A recent federal case highlights the risks to both clients and their counsel presented by ERISA liens. ERISA is the Employee Retirement Income Security Act of 1974, 29 U.S.C. 1001, et seq. which governs most employee health plans. Many ERISA plans rely on language to categorically deny any obligation to reduce their lien claims, and claim that they are entitled to their entire reimbursement claim regardless of the circumstances of the case.
.In Publix Super Markets v Figareau, 2020 WL 5513344 (M.D.Fla. Sept 14, 2020), the ERISA plan sought reimbursement in the amount of $88,846.39 from tort recoveries totaling $845,000 arising out of medical malpractice claims arising from the birth of an infant plaintiff. The medical malpractice claimant set forth two related arguments to support equitable reduction of the lien: (1) that claimant’s injury have required treatment in the absence of negligence and, consequently, they should only be required to reimburse the ERISA Plan for the treatment relating to the negligence; and (2) that they should only be required to reimburse the Plan for the “reasonable value” of the surgery, which they contended was less than 25% of the lien amount.

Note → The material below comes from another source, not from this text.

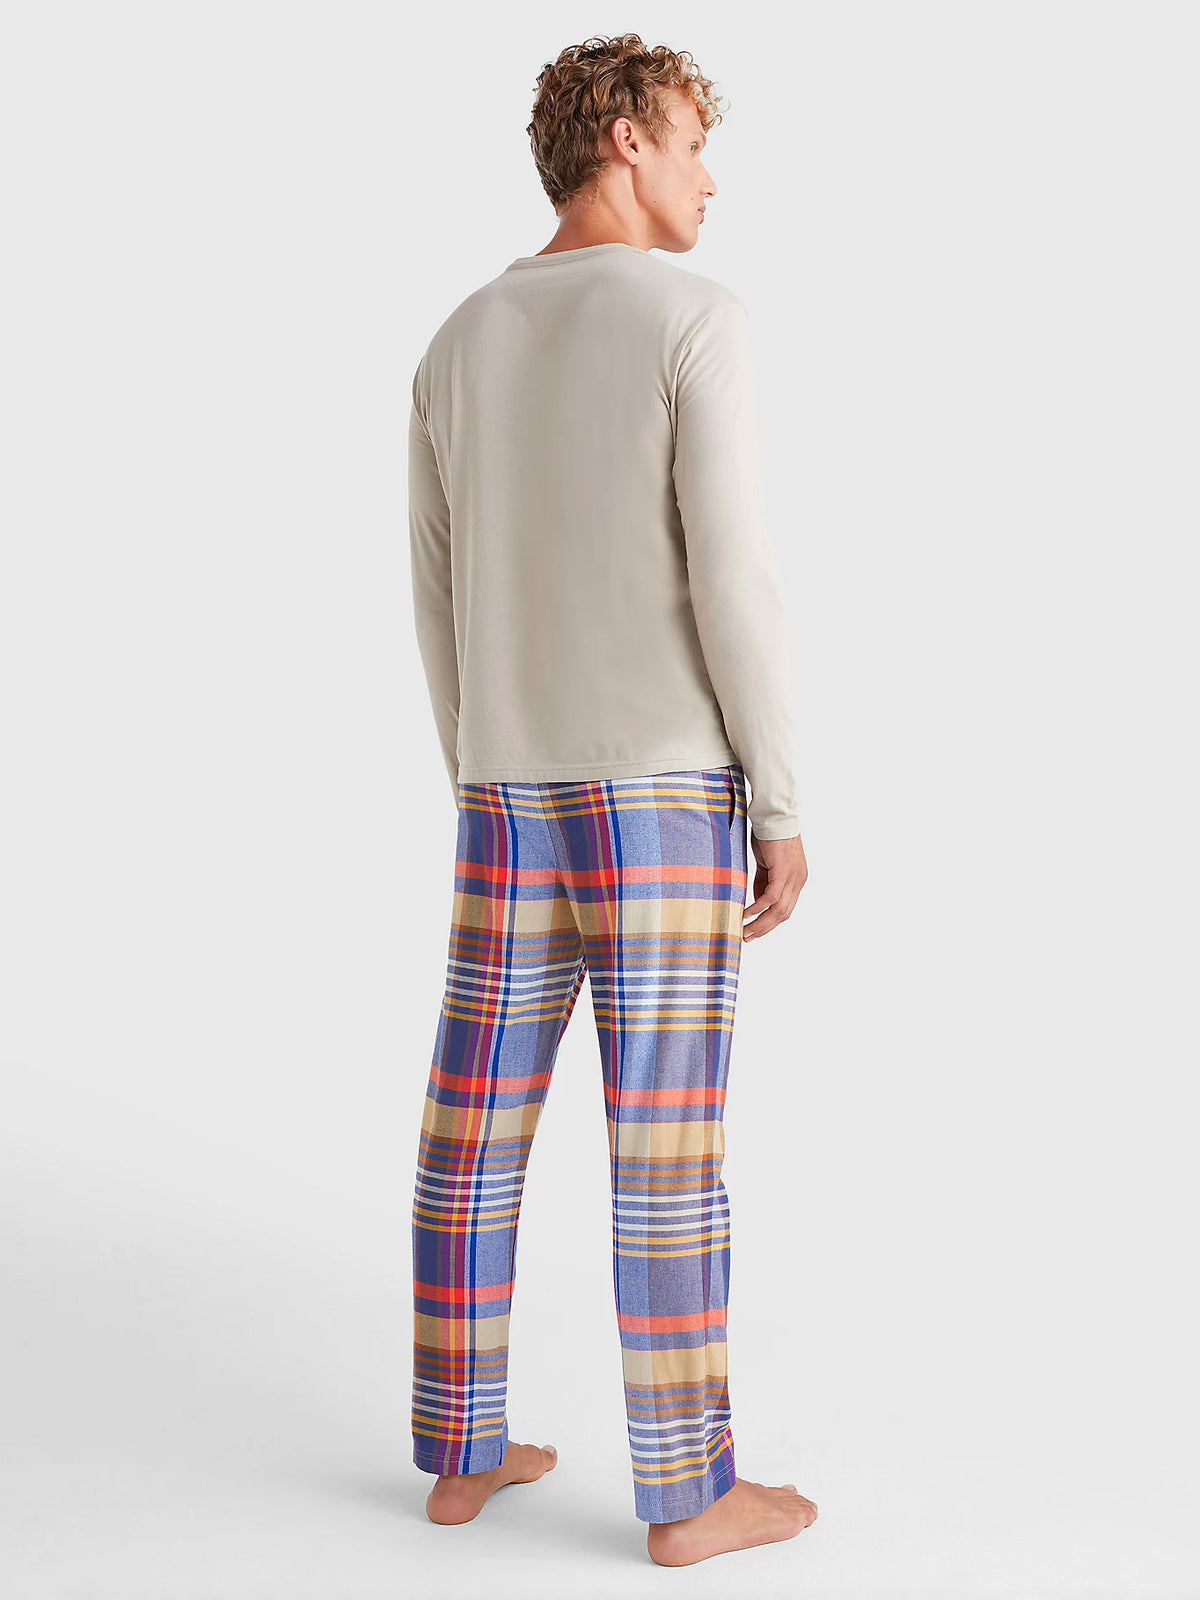 Tommy Hilfiger Mens Pyjama Set - Long Check Flannel Bottoms & L/S

This court rejected the victim’s arguments, relying instead upon the broad language in the settlement and release documents executed in the tort actions and, in a stark warning to Plaintiff’s counsel, held that the “reasonable value” of medical services are simply “immaterial” to the rights of reimbursement under the ERISA Plan, which required claimants to “immediately reimburse the Plan . . . the amount . . . paid for the injury,” and entitled the Plan “to first and full priority reimbursement out of any recovery to the extent of the Plan’s payments.”
While this unpublished opinion is not strictly binding as precedent, the case is another stark reminder to personal injury claimants and, perhaps more critically, their counsel, such as a personal injury lawyer in Arlington, VA from The Law Offices of Ryan Quinn, PLLC, to take ERISA liens very seriously and account for their impact on any settlement prospects. As a practical matter, counsel should engage ERISA lienholders in any lien reductions negotiations as early as possible during the course of litigation. Earlier settlement negotiations allow for increased clarity in assessing settlement prospects in the underlying matter. Further, as the Publix case makes clear, counsel should be quite hesitant to rely on judicial intervention to reduce ERISA liens once a case has resolved. By commencing settlement negotiations before a claim is resolved, experienced counsel can potentially leverage the inherent uncertainty of any litigation outcome to maximize their leverage with increasingly aggressive ERISA lienholders.